Disillusionment is defined as, “A feeling of disappointment resulting from the discovery that something is not as good as one believed it to be; the condition of being dissatisfied or defeated in expectation or hope.”
For many who experience the bitterness of unanswered prayers, continued illness, and even premature death, the pursuit of 'seeking God for healing' or for 'the next level of faith' seems like a waste of time. Entire denominations are built upon this very principle: that God no longer does the things he did in the book of Acts because we don't see it happen in our day and age. Some wounded believers, when encountered with unmet expectations, feel they have made the discovery that God is not as good as they believed him to be and therefore live in either two camps of disillusionment. First, are the ones who start out starry-eyed and full of hope and then when life goes wrong and prayers are unanswered, they either unknowingly or purposefully blame God for the pain and become derailed in their faith. The next category is the groupthat doesn't really blame God for doing wrong, but instead, they build a theology that says God must not want them pursuing such things and they themselves were wrong to expect it. But both these groups are missing out on the beauty and the purpose of the gift of disillusionment.
But there is another group of people who embraces the gift - the purpose for why God allows disillusionment to come our way. It is known as a gift to those who have cultivated an intimate walk with the Lord, those who grapple with His will and His ways. Whenever disillusionment comes their way, they may mourn and wrestle with the pain, but ultimately, they embrace the moment as a lesson from which to learn. They compare their circumstance with the word of God and then dig their proverbial heels deeper into the soil of His love and confess, "I know your ways, God!
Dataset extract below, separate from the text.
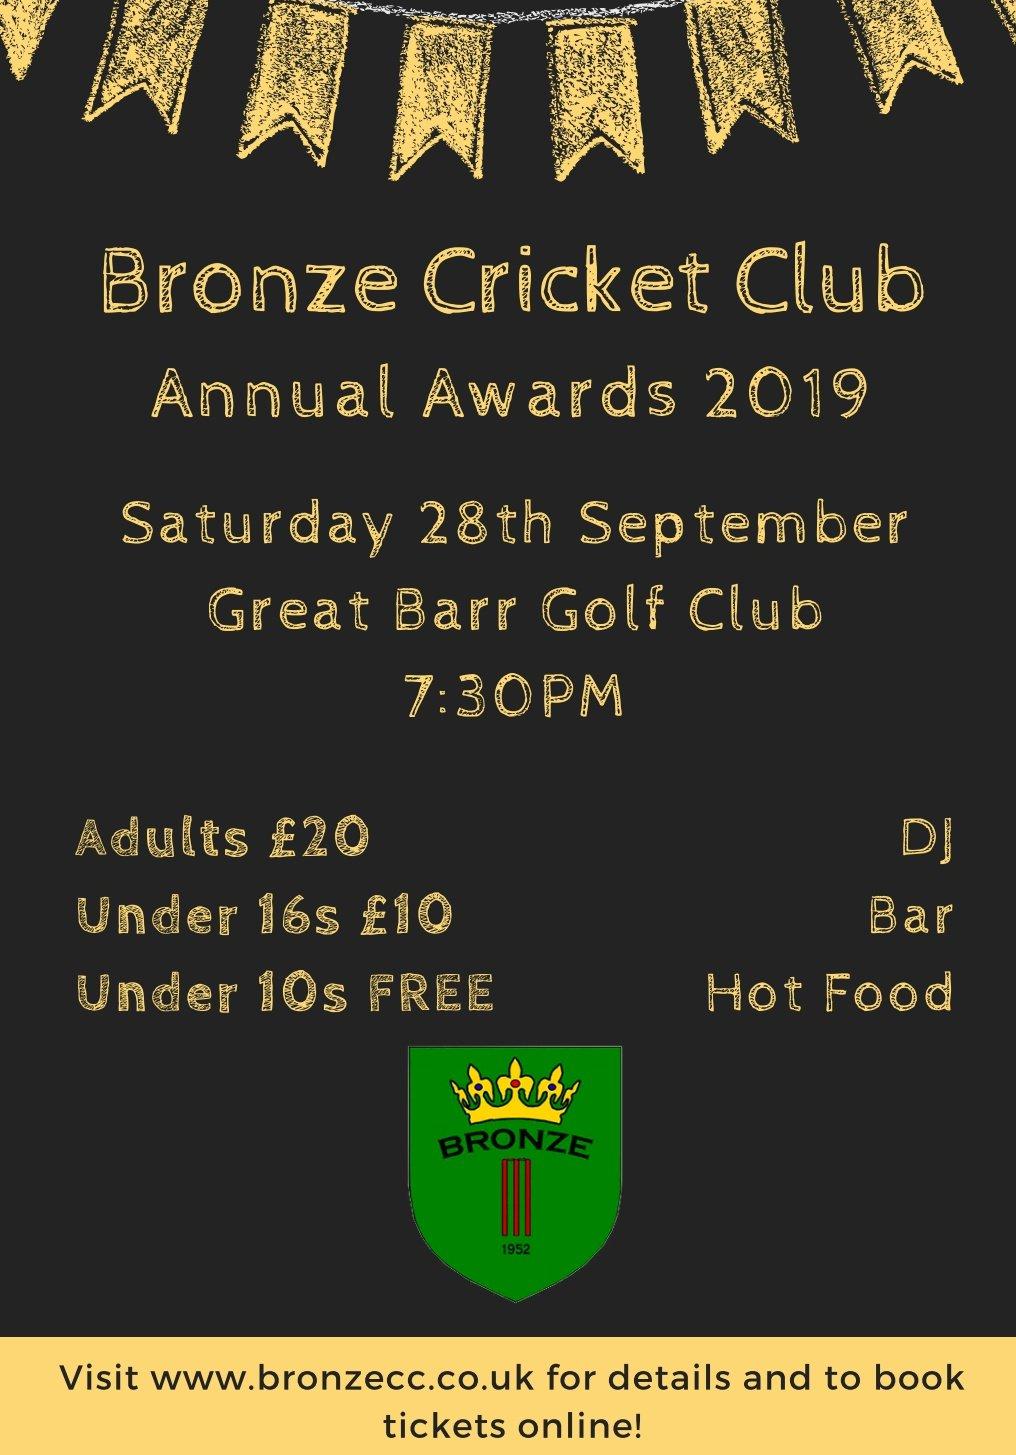 Bronze Cricket Club Annual Awards 2019

I know your word! You are good! You are healer! You said the sick would recover! You said the dead would rise and I will not let my circumstance stop my pursuit! I will not let my circumstance dictate my belief in who You are!" For those who have anchored themselves, not in a worked-up, 'I'm a failure if I don't see it happen' mentality, but in a "Your Kingdom come, Your will be done on earth as it is in heaven," kind of trust in God - these ones see the moment of unanswered prayer as a gift to keep pursuing Him until it is done. Yes, the definition of disillusionment is, a "feeling of disappointment resulting from the discovery that something is not as good as one believed it to be," but this type of believer knows that God is justas good as they believed Him to be and more! The 'something that's “not as good as one believed it to be” isn't God - it is the very earth we are living on. It’s the disillusionment with the state of this fallen world; that it is not in right order yet, that it is not 'as it is in heaven' yet. And this is the gift given to God's people to keep them pursuing His kingdom come. For those who will embrace it, we mourn over the state of the world; we weep because God’s order is yet to be established; but then we lean into that disillusioned state and let it work a determination in us to partner with Him in seeing His will be done here as He desires.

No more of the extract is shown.